A Python library to utilize AWS API Gateway's large IP pool as a proxy to generate pseudo-infinite IPs for web scraping and brute forcing.
https://pypi.org/project/requests-ip-rotator/
GNU General Public License v3.0
1.36k stars 140 forks source link

403: forbidden #36

Closed jherrerogb98 closed 2 years ago

jherrerogb98 commented 2 years ago

I am experiencing a strange situation:

I know it has to be something related to headers because if i dont use any header I always get 403, but even using headers in the second link i cant get a 200 response. I dont know if something like this has happened to any of you. If someone knows the issue i would appreciate a lot if they let me know. Thank you!

Ge0rg3 commented 2 years ago

Hi, have you tried including all headers? Such as:

 s.get("https://www.zillow.com/homedetails/14851-SW-150th-St-Miami-FL-33196/44327576_zpid/", headers={
    ...:     "accept": "text/html,application/xhtml+xml,application/xml;q=0.9,image/avif,image/webp,image/apng,*/*;q=0.8,application/signed-exchange;v=b3;q=0.9",
    ...:     "accept-language": "en-GB,en-US;q=0.9,en;q=0.8",
    ...:     "cache-control": "no-cache",
    ...:     "pragma": "no-cache",
    ...:     "sec-fetch-dest": "document",
    ...:     "sec-fetch-mode": "navigate",
    ...:     "sec-fetch-site": "cross-site",
    ...:     "sec-fetch-user": "?1",
    ...:     "sec-gpc": "1",
    ...:     "upgrade-insecure-requests": "1"
    ...:   }, allow_redirects=False)

I notice with this, it redirects me to a captcha so it looks like you'll have to deal with that too 😄 Hope this helps

jherrerogb98 commented 2 years ago

Thanks for answering so fast! Withouth the redirect my response is blank, athough when i paste the same link in Chrome there it seems to work. I copied my chrome headers and still couldnt make it work unluckily.
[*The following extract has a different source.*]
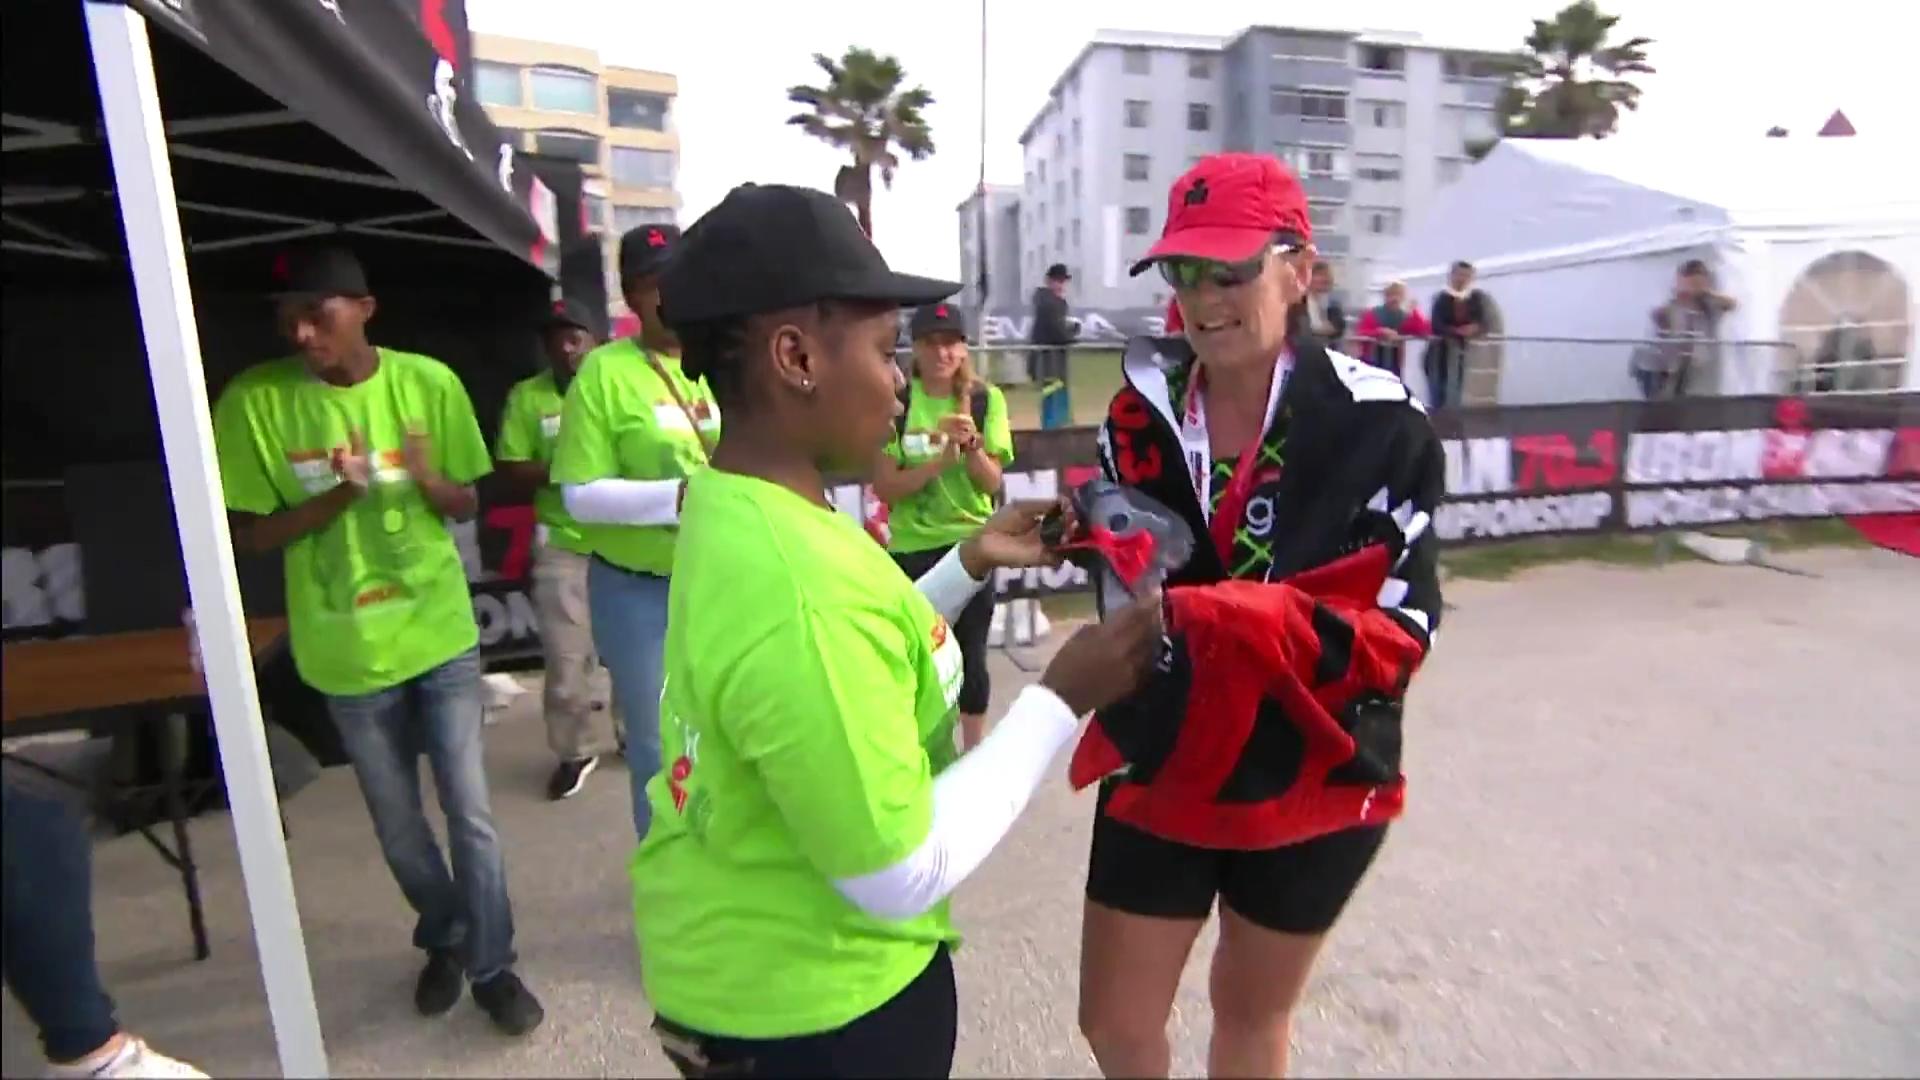 Melanie Cameron – Ironman World Championship 2018 21

Ge0rg3 commented 2 years ago

Interesting -- sounds like a cookie's being set?

jherrerogb98 commented 2 years ago

Maybe yes, when I do a request in postman, if I leave the cookie I am automatically redirected to a captcha. I think the same happens with AWS requests

Ge0rg3 commented 2 years ago

Cool, so sounds like the site itself is blocking -- please let me know if you need any more guidance on this.